This article was originally published December 2, 2022 on McKnights Home Care.
As more healthcare shifts to the home, at-home physical therapy provider Luna is setting an aggressive 2023 goal to double its staff from 2,500 therapists to 5,000 across the 27 states and 50 markets it serves.
The Rocklin, CA-based firm recently named veteran healthcare recruiter Amber Mauro as head of therapist acquisitions and people operations to take on the task of recruiting so many new workers. Palak Shah, Luna’s co-founder and head of clinical operations, told McKnight’s Home Care Daily Pulse in an email that Mauro’s experience recruiting therapists for work in the home could give her four-year-old firm a leg up in the competitive labor market.

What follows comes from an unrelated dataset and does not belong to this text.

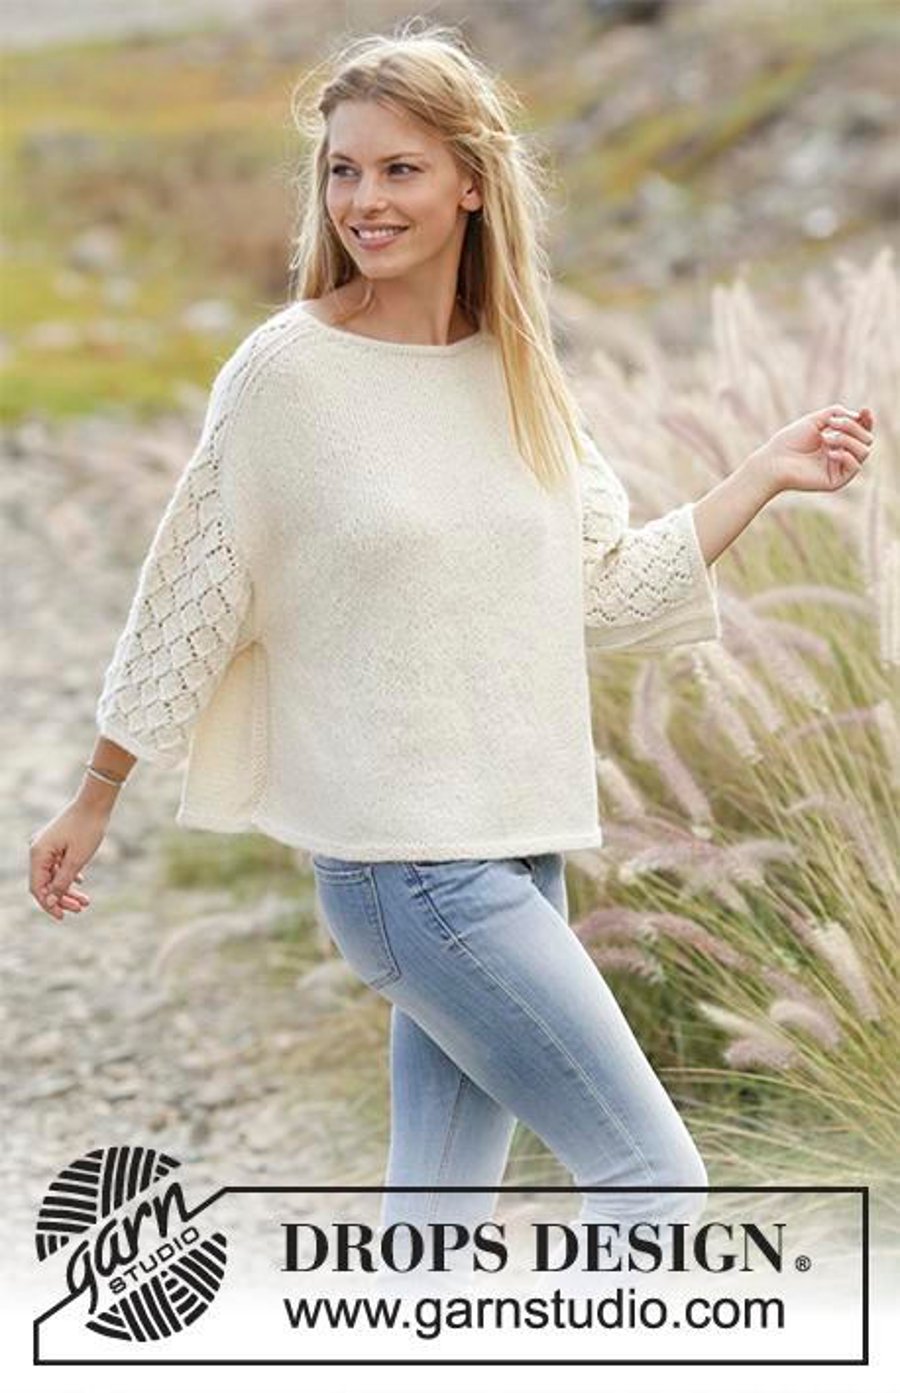 Hand knitted ladies jumper sweater with short length lacy knit sleeves - knit 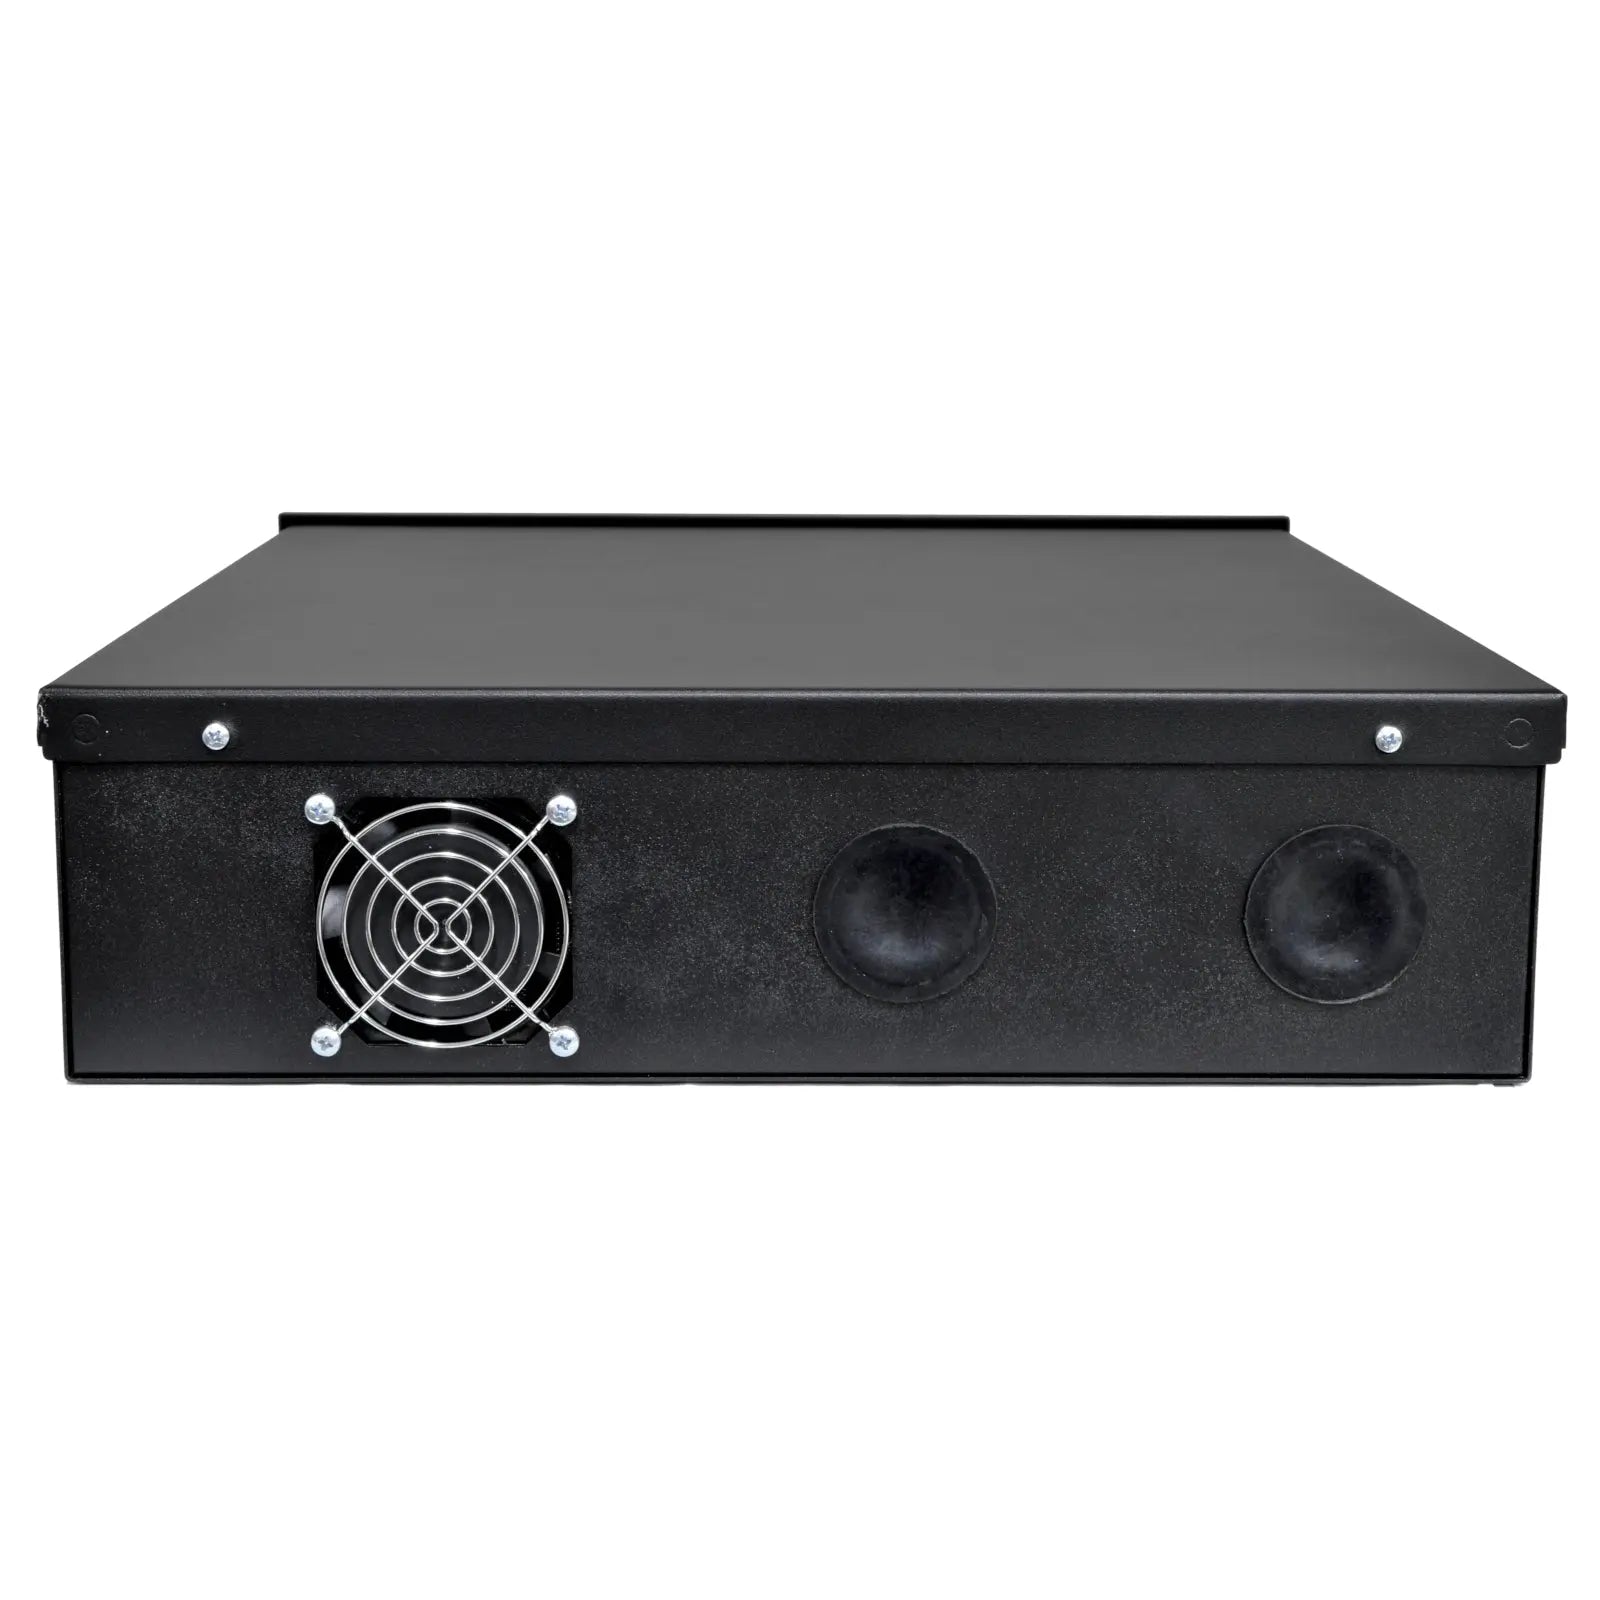 Heavy Duty 18 x 18 x 5 DVR Security Lock Box with Fan for CCTV Security Systems Black White The Wires Zone 1656541709 1600x1600

“The shortage of healthcare workers is a problem. However, challenges and pressures experienced by healthcare workers is an equally big problem,” Shah said. “Luna’s focus to leverage technology to reimagine the therapists’ experience is what makes therapists love Luna. Today, Luna is signing two therapists per hour.”
Therapy at home is not a new concept. Many small mom-and-pop home therapy agencies contract with payers and home health agencies to provide physical, occupational and speech therapy at home. A 2016 study found patients who received physical therapy in their homes recovered just as well as those who were treated in outpatient clinics.
The $46 billion dollar physical therapy industry is ripe for growth, as business consulting firm McKinsey & Company estimates up to $265 billion of care for Medicare beneficiaries will shift to the home over the next few years. That could pay dividends to larger players, such as Luna, in the highly fragmented home therapy industry.
Still, competition in the segment is heating up. Chicago-based InHomeTherapy, which offers in-home services in eight states, has also been growing aggressively. This year it has acquired five smaller agencies through $22 million in capital it raised from private equity investors TT Capital Partners and NewSpring.
Shah said Luna aims to be the leading in-home physical therapy platform and has grown the number of patient visits more than 6,000% in the four years since the firm was founded in 2018. Continued growth is predicated on growing staff. To that end, Shah said Luna is offering flexible scheduling, competitive wages and other incentives to attract talent.
“A therapist that does an average of 10 visits a week with Luna has the potential to make an additional $30,000 a year,” Shah said. “Luna ensures therapists never drive more than 30 minutes between visits. These are all game-changing enablers in healthcare
delivery and prove to be big incentives for therapists.”